Очень поэтично и по смыслу подходяще, но слишком уж мрачно, чтобы читать на похоронах. Поэтому я выбрал две цитаты из прощальной речи Румфорда со страницы 207, те, что начинаются со слов:
«Я не умираю. Просто настало время распрощаться с Солнечной системой…» и «Я всегда буду везде, где побывал раньше».
Когда мы опустили Курта в яму, время приближалось к восьми вечера, но в саду было еще светло и я прочитал нужный текст без всяких затруднений. Потом мы с мистером Питерсоном засыпали могилу землей. Лопат было всего две, поэтому миссис Гриффит нам не помогала, но, по-моему, ей хватило и того, что она просто смотрела, как мы работаем. Закапывать яму гораздо легче, чем выкапывать, и мы справились буквально за несколько минут. Клумба теперь выглядела почти как прежде. Немного погодя мистер Питерсон закурил очередную самокрутку, а миссис Гриффит сказала, что ей очень понравилось то, что я прочитал.

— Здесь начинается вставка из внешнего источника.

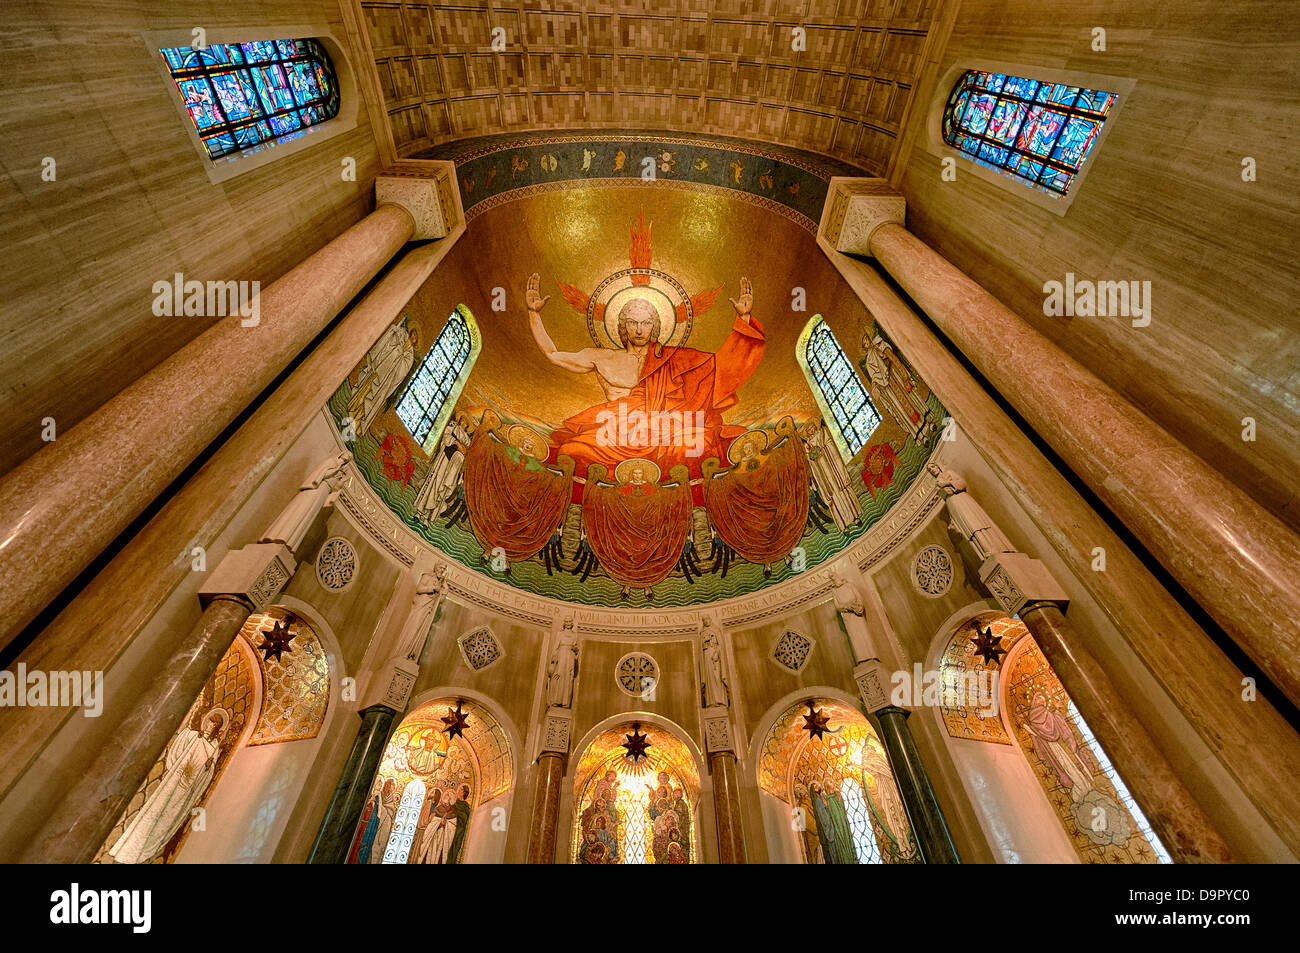 Christ in Majesty, North Apse, Basilica of the National Shrine of the Immaculate Conception, Washington DC, USA Stock Photo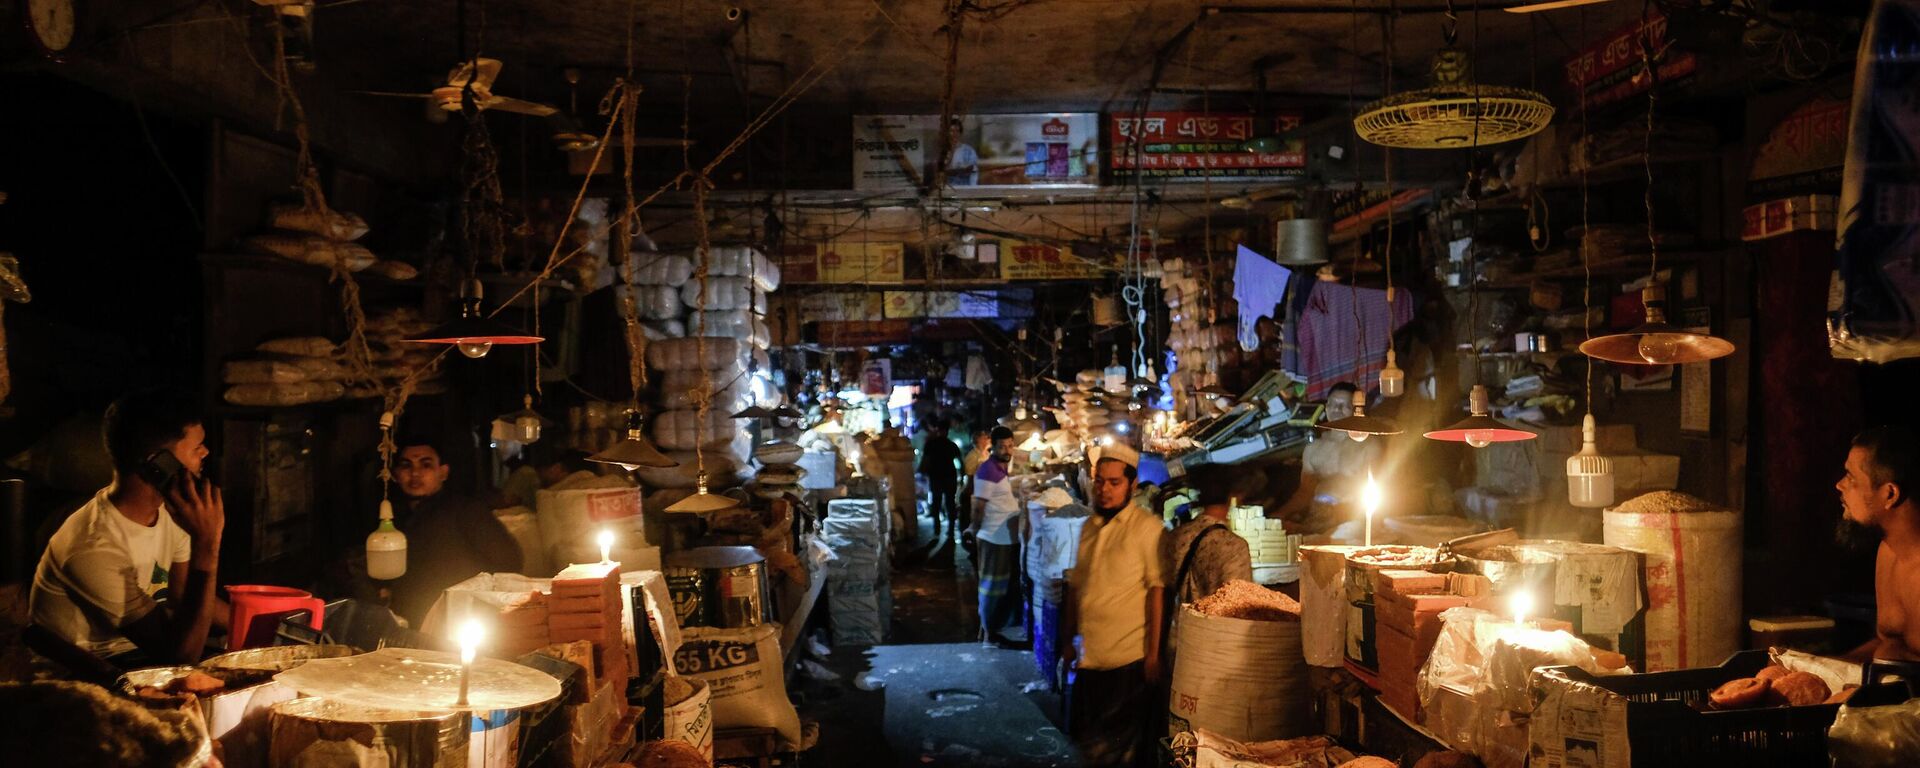 Vendors light candles at a market after a failure in Bangladesh's national power grid plunged much of the country into a blackout in Dhaka, Bangladesh, Tuesday, Oct.4, 2022. - Sputnik International, 1920, 04.10.2022

— Это Воннегут, — объяснил я. — Курта назвали в его честь.
— Понятно, — отозвалась миссис Гриффит. — Ты хорошо читал.
Позже, когда миссис Гриффит уехала домой, а солнце закатилось за край живой изгороди, окрасив небо в светло-фиолетовый цвет, из дома вышел мистер Питерсон. Он сказал, что мне пора домой, потому что мама будет волноваться.
— Да-да, — кивнул я. — Можно, я еще постою? Я недолго.
— Ладно. Постоять с тобой?
— Да, пожалуйста. Еще чуть-чуть.
Погруженный в свои мысли, я не замечал, как летит время. При этом я не испытывал ни особой подавленности, ни нервного возбуждения — привычных спутников только что пережитого стресса. В саду стояла тишина, небо понемногу темнело, шуршал листьями деревьев ветер. Стоит мне закрыть глаза, понял я, и воображение перенесет меня в лодку, мягко скользящую по синей водной глади, залитой ясным солнечным светом.
— Мистер Питерсон? Как вы думаете, что с нами происходит после смерти?
Он внимательно посмотрел на меня, сощурился и ответил:
— Думаю, ничего не происходит.
— Я тоже так думаю.
Раньше я никогда не говорил о таких вещах вслух. Мне даже кажется, я и сам себе впервые признался, что так думаю. Это признание потребовало от меня значительного усилия, но я был рад, что сделал его. Я понимал, что сказал что-то очень важное. После этого мы молча развернулись и пошли к дому.